▶ [What is being asked] Write out, unaltered, each line from the top of the records below down to the line where "A desert golf course" appears, that line included.
-*-
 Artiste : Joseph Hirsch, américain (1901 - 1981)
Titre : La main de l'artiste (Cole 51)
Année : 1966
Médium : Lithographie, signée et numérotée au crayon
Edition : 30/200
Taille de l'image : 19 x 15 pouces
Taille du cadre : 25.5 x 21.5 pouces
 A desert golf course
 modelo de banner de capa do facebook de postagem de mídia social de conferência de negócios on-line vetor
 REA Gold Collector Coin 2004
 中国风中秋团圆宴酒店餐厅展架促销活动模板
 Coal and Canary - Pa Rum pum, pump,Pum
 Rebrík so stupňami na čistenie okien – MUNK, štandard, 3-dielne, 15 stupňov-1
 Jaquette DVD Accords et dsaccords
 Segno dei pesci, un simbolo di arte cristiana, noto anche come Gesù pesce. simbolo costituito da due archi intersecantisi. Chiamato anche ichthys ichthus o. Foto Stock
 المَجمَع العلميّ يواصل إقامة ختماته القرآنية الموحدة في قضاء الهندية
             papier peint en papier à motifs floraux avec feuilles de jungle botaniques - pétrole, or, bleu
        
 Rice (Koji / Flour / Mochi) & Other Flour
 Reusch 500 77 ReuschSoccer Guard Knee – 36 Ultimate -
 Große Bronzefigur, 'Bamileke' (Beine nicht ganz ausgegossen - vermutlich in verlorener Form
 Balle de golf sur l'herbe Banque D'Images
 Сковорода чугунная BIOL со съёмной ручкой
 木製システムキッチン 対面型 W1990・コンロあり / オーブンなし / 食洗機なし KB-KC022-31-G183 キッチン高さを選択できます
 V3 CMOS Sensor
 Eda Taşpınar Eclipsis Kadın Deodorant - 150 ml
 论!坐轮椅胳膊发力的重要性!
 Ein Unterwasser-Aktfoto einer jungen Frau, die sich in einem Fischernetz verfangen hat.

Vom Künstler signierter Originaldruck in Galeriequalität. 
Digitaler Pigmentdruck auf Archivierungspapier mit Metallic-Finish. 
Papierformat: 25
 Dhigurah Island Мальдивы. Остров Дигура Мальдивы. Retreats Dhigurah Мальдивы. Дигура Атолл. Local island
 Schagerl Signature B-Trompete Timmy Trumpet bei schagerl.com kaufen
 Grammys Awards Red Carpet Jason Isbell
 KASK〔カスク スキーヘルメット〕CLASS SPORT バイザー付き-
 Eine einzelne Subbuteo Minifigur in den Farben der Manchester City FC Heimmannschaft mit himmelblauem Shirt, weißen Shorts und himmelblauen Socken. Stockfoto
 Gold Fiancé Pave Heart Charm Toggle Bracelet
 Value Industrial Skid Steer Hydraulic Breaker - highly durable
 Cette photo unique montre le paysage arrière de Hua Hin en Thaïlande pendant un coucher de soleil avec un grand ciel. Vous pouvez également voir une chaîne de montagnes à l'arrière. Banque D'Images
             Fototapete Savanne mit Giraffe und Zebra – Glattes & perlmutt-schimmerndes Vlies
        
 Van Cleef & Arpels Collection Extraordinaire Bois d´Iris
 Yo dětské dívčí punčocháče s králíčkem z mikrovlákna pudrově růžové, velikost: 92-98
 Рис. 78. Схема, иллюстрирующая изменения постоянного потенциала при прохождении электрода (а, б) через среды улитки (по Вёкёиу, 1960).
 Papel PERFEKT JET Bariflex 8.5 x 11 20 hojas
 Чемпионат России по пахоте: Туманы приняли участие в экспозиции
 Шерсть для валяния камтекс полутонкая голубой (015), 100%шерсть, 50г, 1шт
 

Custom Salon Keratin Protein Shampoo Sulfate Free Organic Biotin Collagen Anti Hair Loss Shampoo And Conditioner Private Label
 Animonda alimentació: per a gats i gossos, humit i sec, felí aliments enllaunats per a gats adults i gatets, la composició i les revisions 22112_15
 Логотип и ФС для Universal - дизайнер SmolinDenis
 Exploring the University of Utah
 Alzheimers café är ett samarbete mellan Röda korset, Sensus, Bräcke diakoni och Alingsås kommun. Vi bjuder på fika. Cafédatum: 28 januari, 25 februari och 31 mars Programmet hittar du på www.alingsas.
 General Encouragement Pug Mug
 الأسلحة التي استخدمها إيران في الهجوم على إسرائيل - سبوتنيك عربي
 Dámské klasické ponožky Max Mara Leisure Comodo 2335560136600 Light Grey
-*-
▶ [Reply]
 Artiste : Joseph Hirsch, américain (1901 - 1981)
Titre : La main de l'artiste (Cole 51)
Année : 1966
Médium : Lithographie, signée et numérotée au crayon
Edition : 30/200
Taille de l'image : 19 x 15 pouces
Taille du cadre : 25.5 x 21.5 pouces
 A desert golf course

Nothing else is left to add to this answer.